Published on July 15, 2025 4:23 PM GMT
Seven years ago, OpenAI five had just been released, and many people in the AI safety community expected AIs to be opaque RL agents. Luckily, we ended up with reasoning models that speak their thoughts clearly enough for us to follow along (most of the time). In a new multi-org position paper, we argue that we should try to preserve this level of reasoning transparency and turn chain of thought monitorability into a systematic AI safety agenda.
This is a measure that improves safety in the medium term, and it might not scale to superintelligence even if somehow a superintelligent AI still does its reasoning in English. We hope that extending the time when chains of thought are monitorable will help us do more science on capable models, practice more safety techniques "at an easier difficulty", and allow us to extract more useful work from potentially misaligned models.
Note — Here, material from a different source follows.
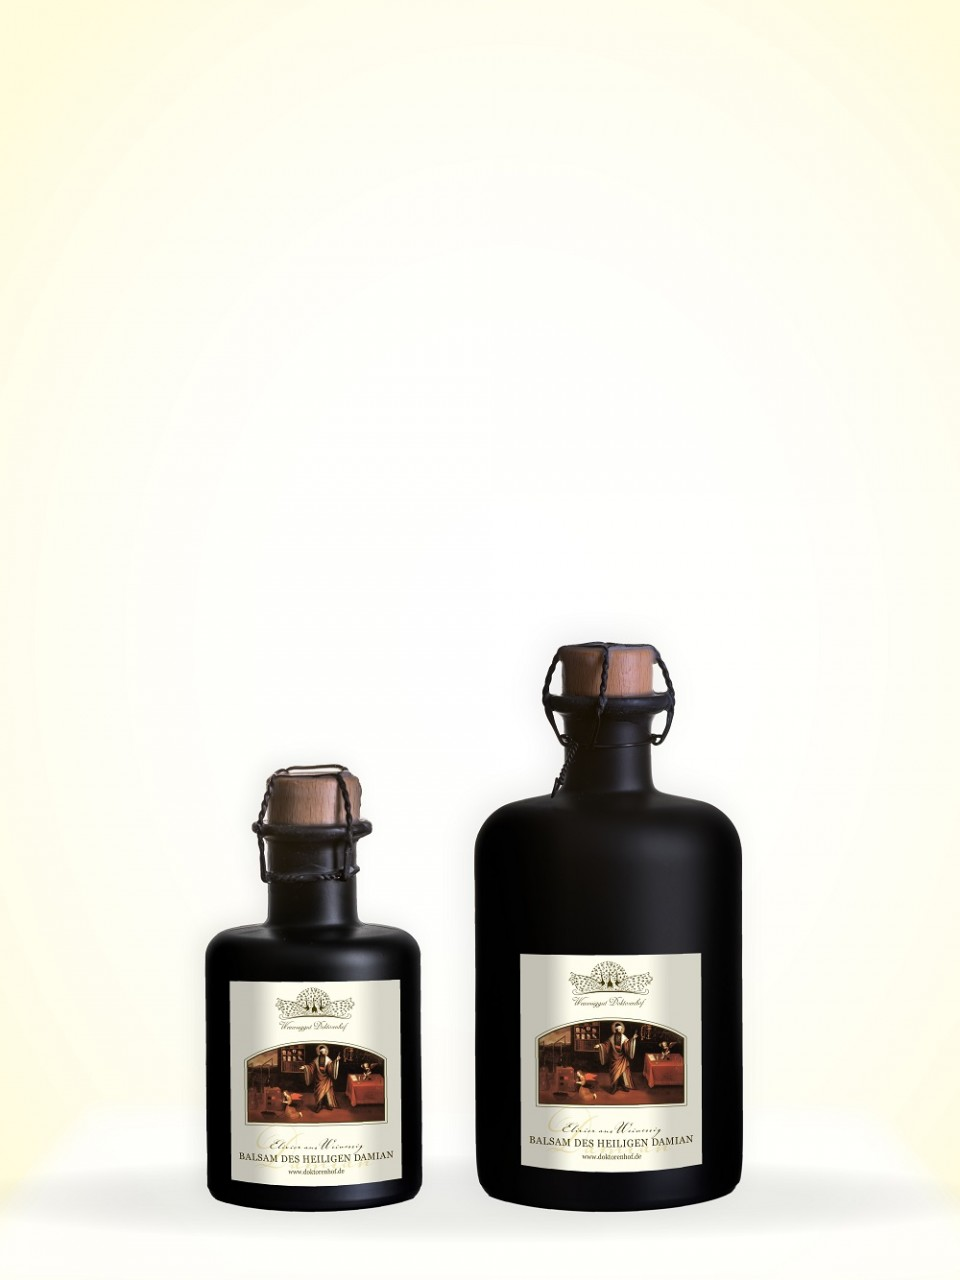 Balsam des heiligen Damian-5-Liter Bag-in-Box Sonderpreis

Abstract: AI systems that "think" in human language offer a unique opportunity for AI safety: we can monitor their chains of thought (CoT) for the intent to misbehave. Like all other known AI oversight methods, CoT monitoring is imperfect and allows some misbehavior to go unnoticed. Nevertheless, it shows promise and we recommend further research into CoT monitorability and investment in CoT monitoring alongside existing safety methods. Because CoT monitorability may be fragile, we recommend that frontier model developers consider the impact of development decisions on CoT monitorability.